# Bike rack for car - free (collect S London)



## theclaud (29 Mar 2010)

The sort of rack that goes on the back of a hatchback-type car. Very good condition - holds two or three bikes. A friend has moved house, no longer has a car and is looking to offload superfluous stuff. Free to whoever asks first and can pick it up from South London (Crystal Palace/Anerley). PM me your contact details if interested.


----------



## Tynan (31 Mar 2010)

zafira type hatchback?


----------



## Mista Preston (2 Apr 2010)

theclaud

My missus has told me that the bike rack has to go on my car not hers so as mine is a salon I dont think this will fit. Thanks for the offer


----------



## theclaud (14 Apr 2010)

Tynan said:


> zafira type hatchback?



Possibly - I have no idea what that means...


----------



## theclaud (14 Apr 2010)

Mista Preston said:


> theclaud
> 
> My missus has told me that the bike rack has to go on my car not hers so as mine is a salon I dont think this will fit. Thanks for the offer



No worries.


----------



## gaz (14 Apr 2010)

Do you know if its high loading? As in above the number plate?


----------



## theclaud (14 Apr 2010)

gaz said:


> Do you know if its high loading? As in above the number plate?

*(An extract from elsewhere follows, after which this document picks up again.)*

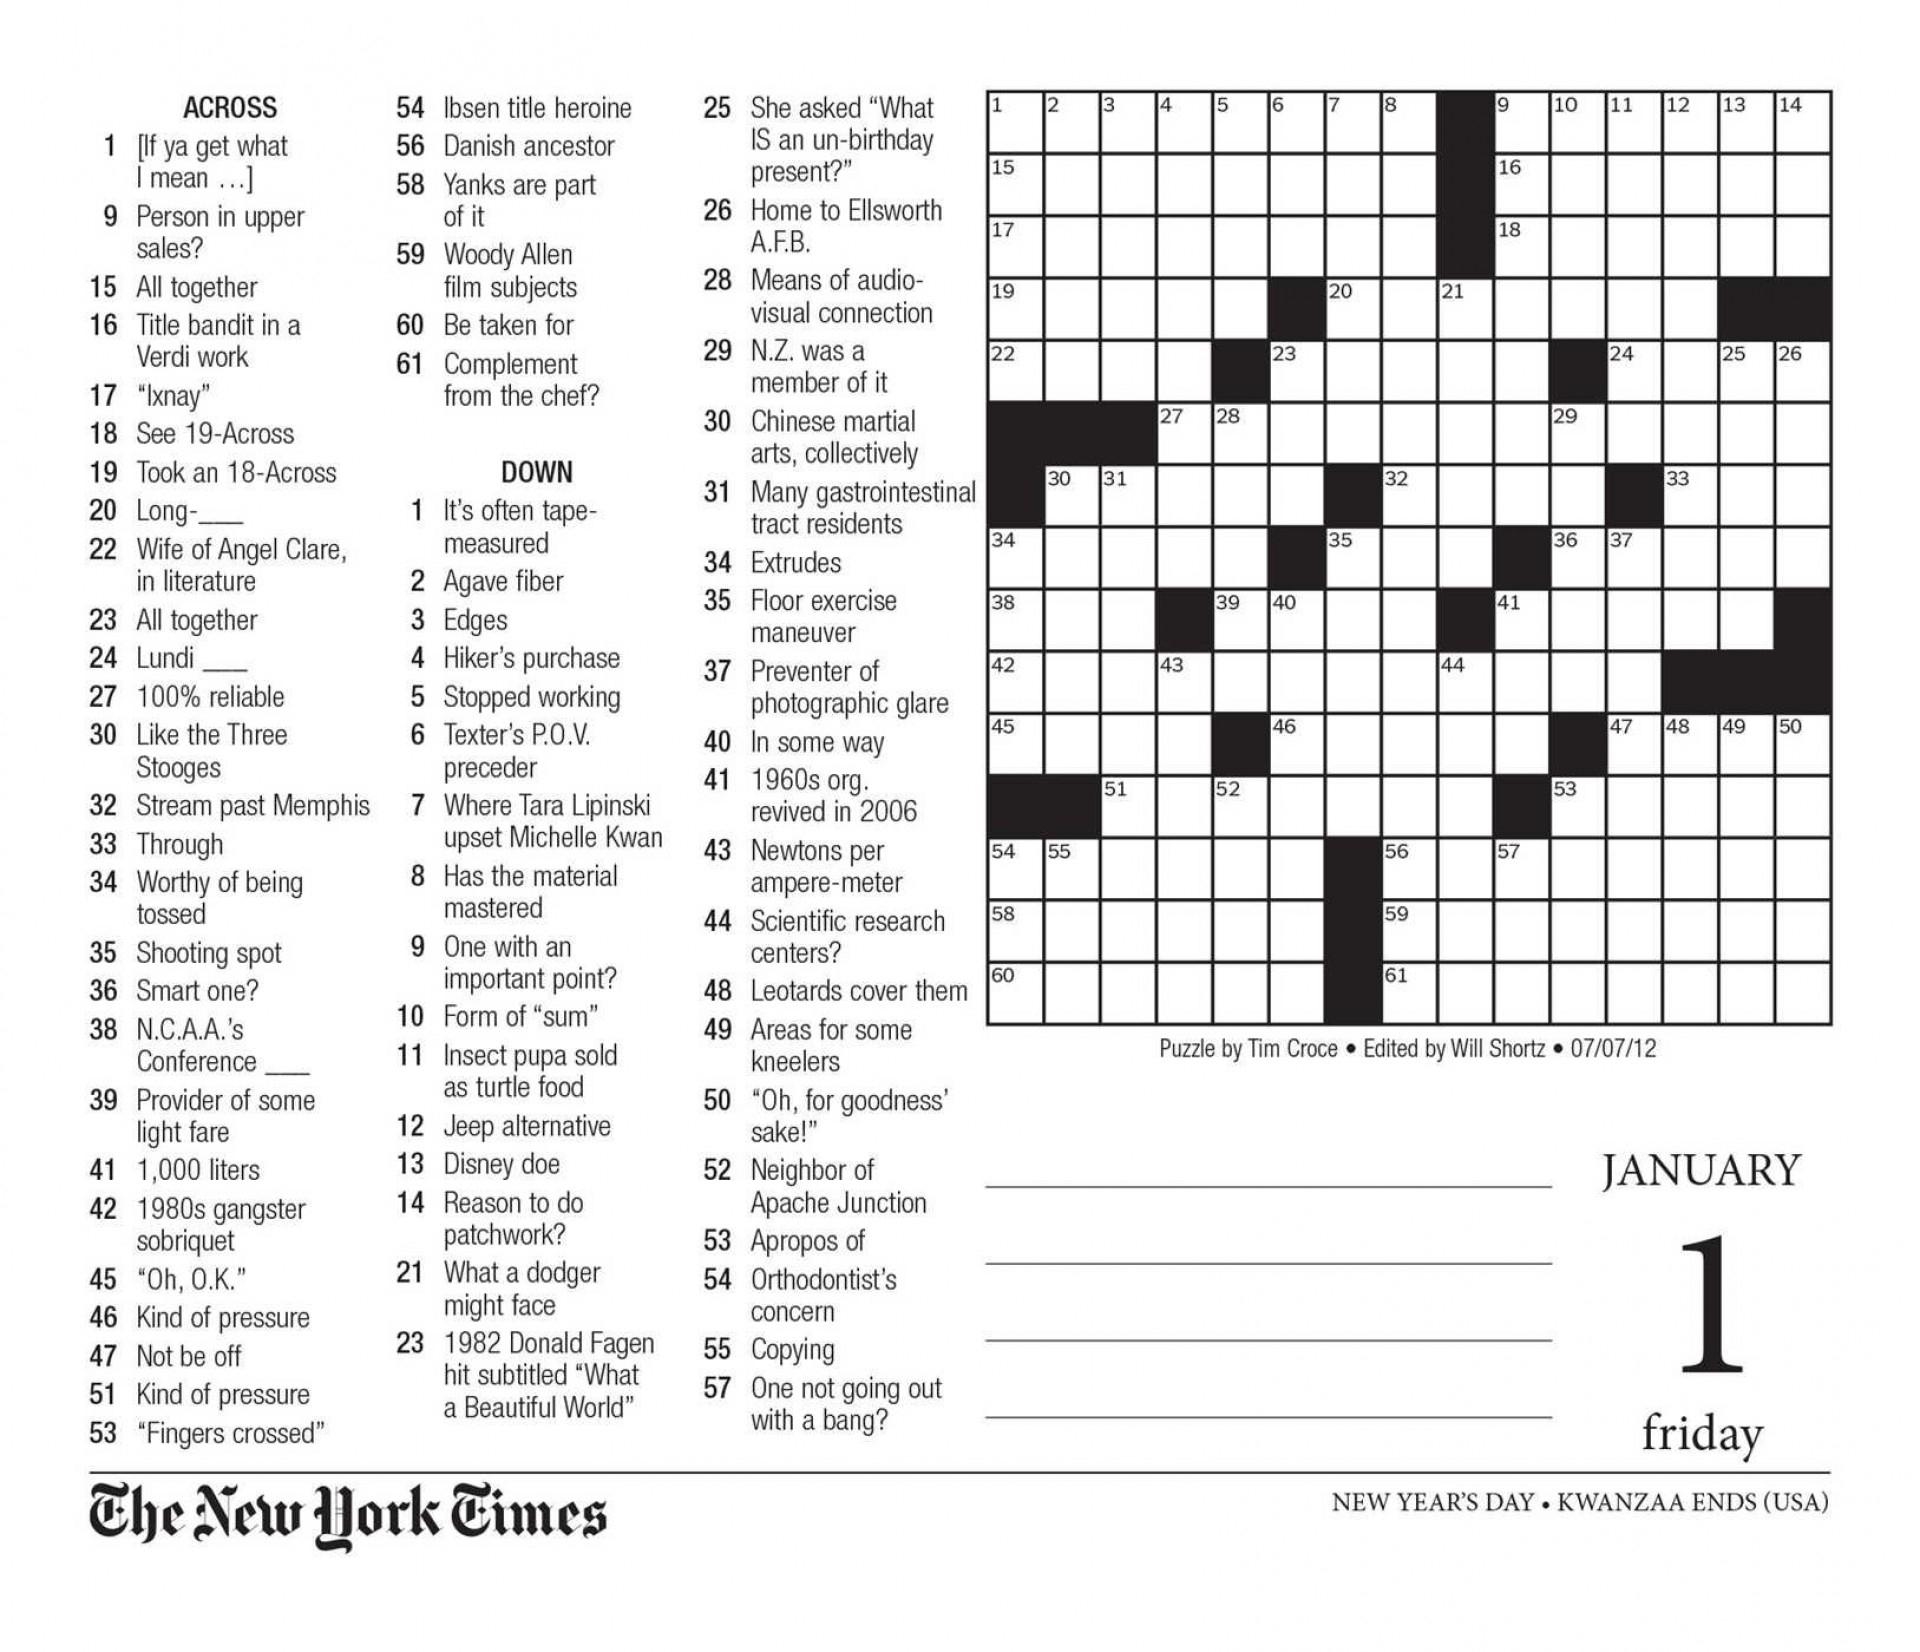 Free Printable Large Print Crossword Puzzles | M3U8 - Large Print Crossword Puzzles Online

I think it is. It belongs to a friend so I can't check right now. PM me your email address and I'll get her to contact you...


----------



## bhodgkiss (15 Apr 2010)

has this sold?


----------



## Tynan (17 Apr 2010)

this still up for grabs?

I do want one, just don't want to pay for one


----------



## theclaud (26 Apr 2010)

Tynan said:


> this still up for grabs?
> 
> 
> Sorry Tynan - forgot to check this thread. I think it has gone but will check...


----------



## Tynan (27 Apr 2010)

think?

no sweat at all fella, it's all completely ok either way


----------